Thanks, Ryan. That's really helpful.
One more clarification: is the forceTrust flag meant to be used with the ssl flag, or instead of it?
I can connect when I specify just forceTrust=1 but not with both forceTrust=1 and ssl=1. But if I specify just forceTrust=1, am I still establishing an SSL connection?
To put it another way, does forceTrust=1 mean "connect with SSL, and tell Java to trust the cert", or does it mean "tell Java to trust the cert and connect with SSL only if I also set ssl=1"?
Background: The reason I ask is that they did get a signed certificate yesterday, but I still can't connect when I set ssl=1.
(I can connect with just forceTrust=1, but not with just ssl=1, and not with both forceTrust=1 and ssl=1.)

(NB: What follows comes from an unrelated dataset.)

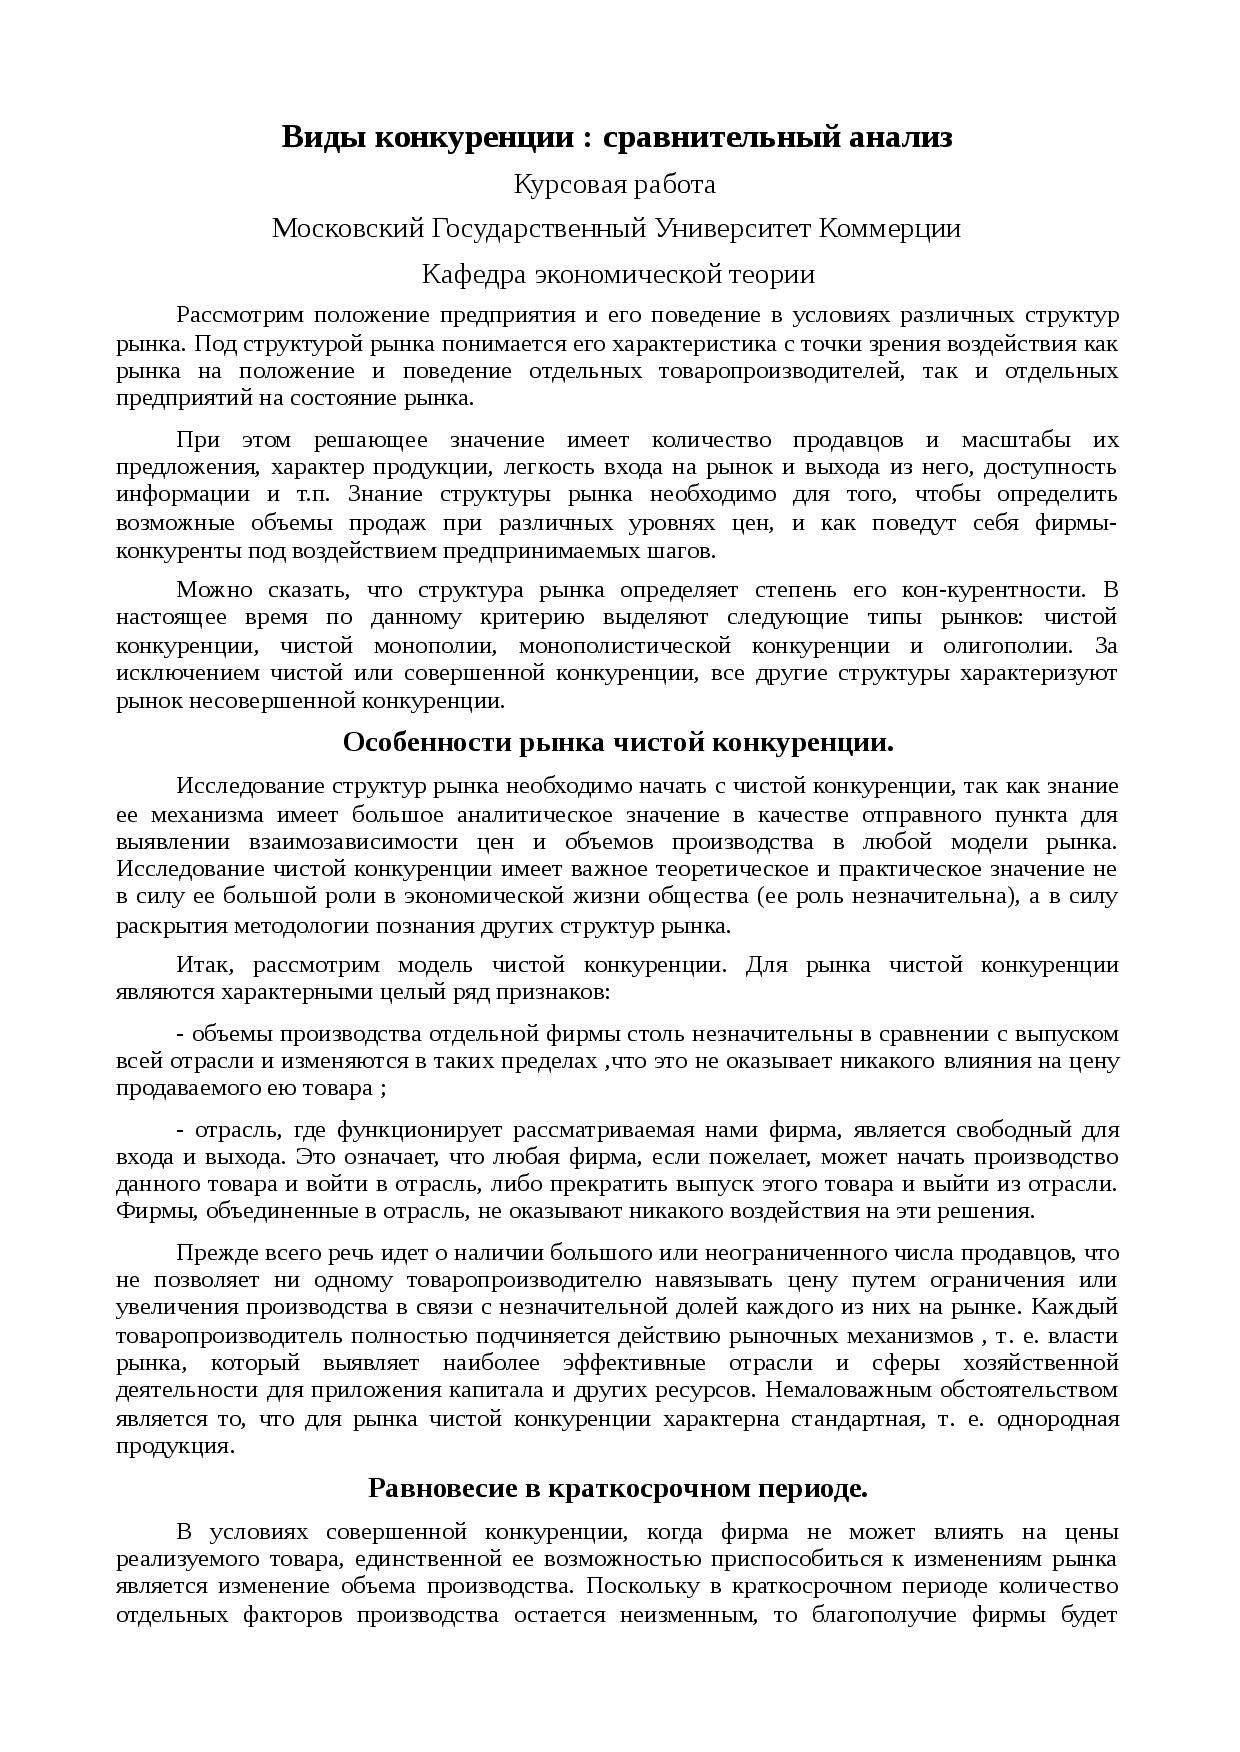 Рынок монополии и монополистическая конкуренция - discovered

I'm not sure if the problem is that they haven't configured the certificate correctly (we've already had some issues with this), or if it's because the cert was issued by GoDaddy. (I found a whole bunch of articles from 2014 stating that newer GoDaddy certs are not in the java cert store, but it looks like that may have been fixed, so I don't know if that's actually relevant.)
The client needs to start using the email functionality very soon, so if just forceTrust=1 is a secure connection, I'd like to enable that while we troubleshoot the rest.